66 There was considerable interlocutory time involved with summonses of records of other tenants in the shopping centre which was ultimately ruled not to be relevant. The Lessee was seeking to demonstrate that the new rent proposed for her premises was above that for neighbouring shops. However the Tribunal ruled that in the context of an open negotiation, as would have been the case for a new lease following the termination of the monthly lease, comparison with prevailing market rents and issues of fairness were not relevant.
67 The Lessee has not made out a claim at anything like the level of the damages schedule filed 19 July. However she did succeed on the interim order against the lockout and in its claim for some damages claimed from the lockout.
68 The final day’s hearing of a witness who had failed to attend on two prior occasions was not the fault of the Lessee despite the evidence completely failing to come up to its predicted effect. However it turned out to be essential for the Tribunal to be properly satisfied that the claim for loss of business opportunity flowing from the events surrounding the termination of the Lease, could not be sustained.

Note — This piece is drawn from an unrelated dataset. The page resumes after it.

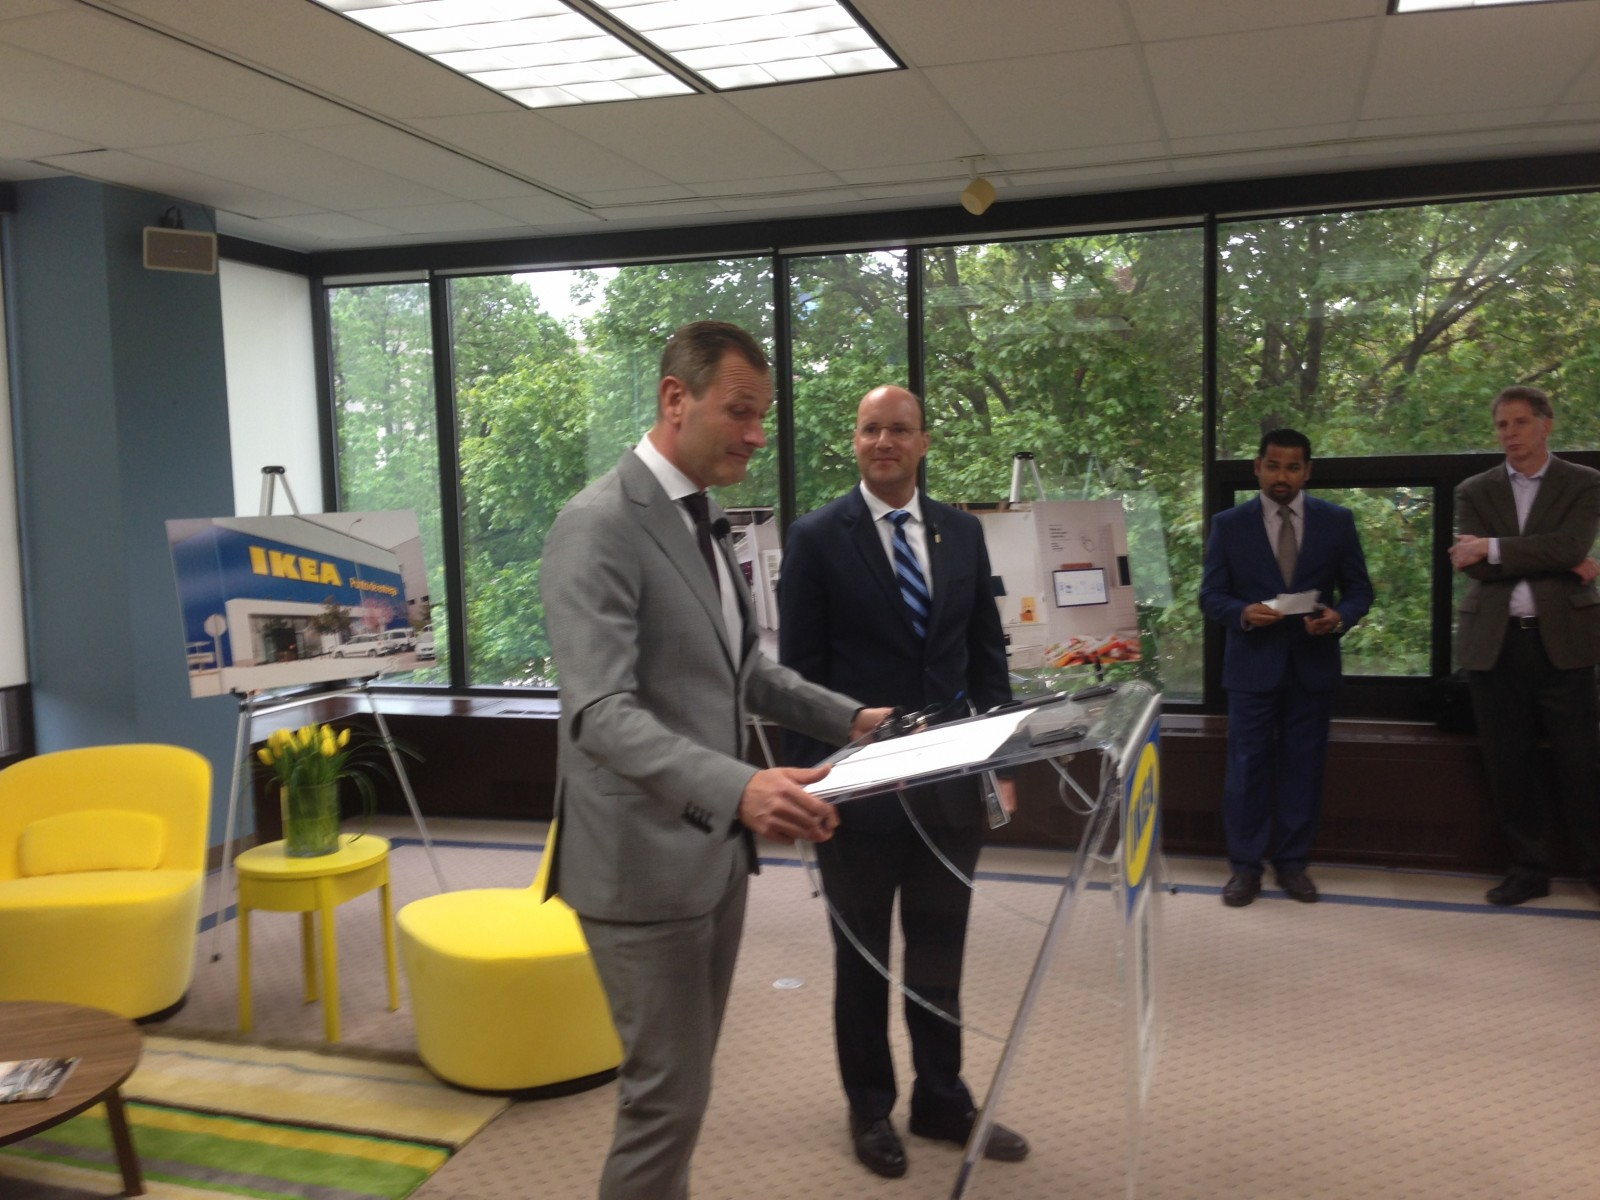 IKEA to open pilot store in London
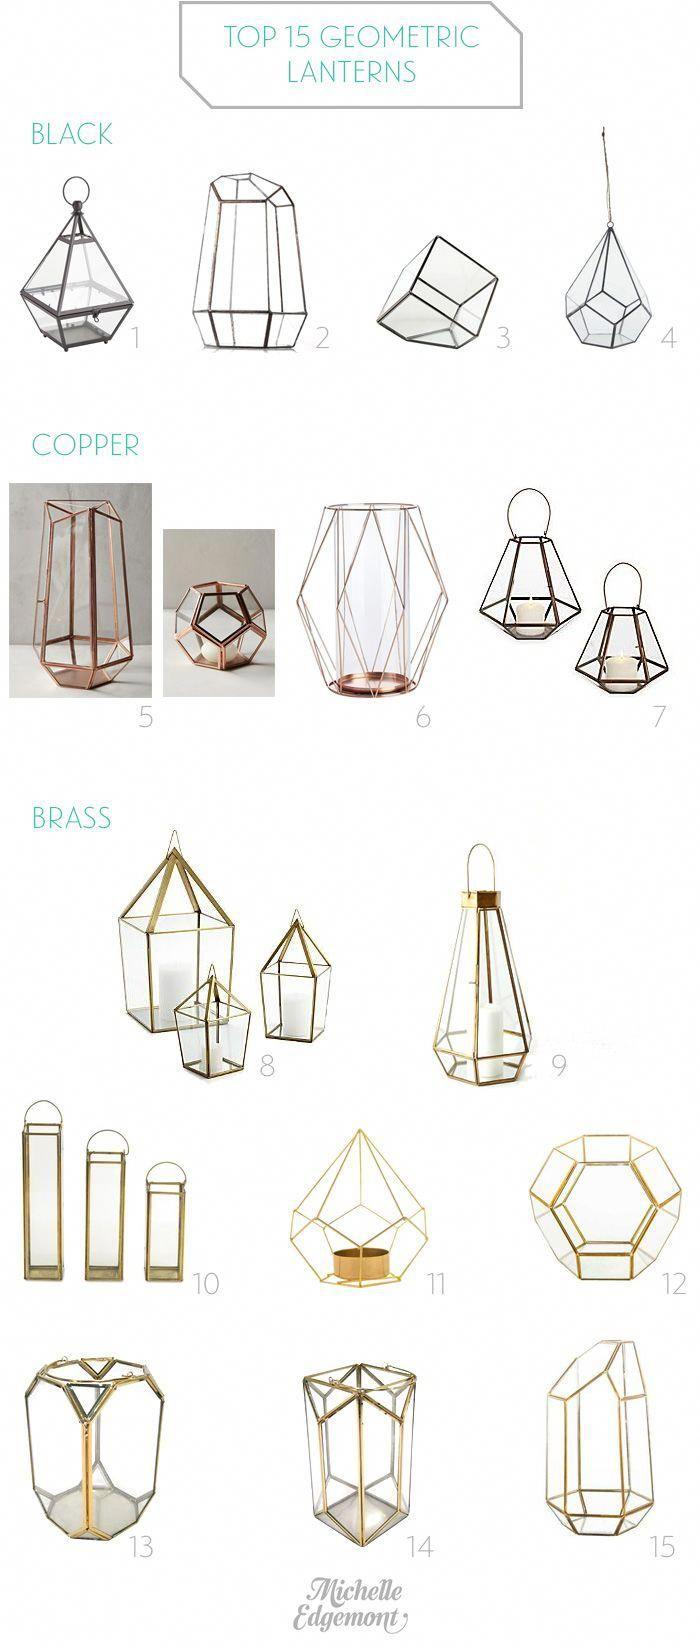 Top 15 Geometric Lanterns

69 In all those circumstances I do not consider any application by the Lessors for costs to be warranted under the usual tests for special circumstances which apply in this Tribunal. Nor do I think the Lessee is entitled to her costs.
70 Accordingly I make no order as to costs.
Orders
1. The Lessors to pay the Lessee $1986.37 and to release the bond of $600 to the Lessee, subject to Order 2.
2. The Lessee to pay the Lessor unpaid rent of $1,091.42 which the lessors may set off against the amount payable by them.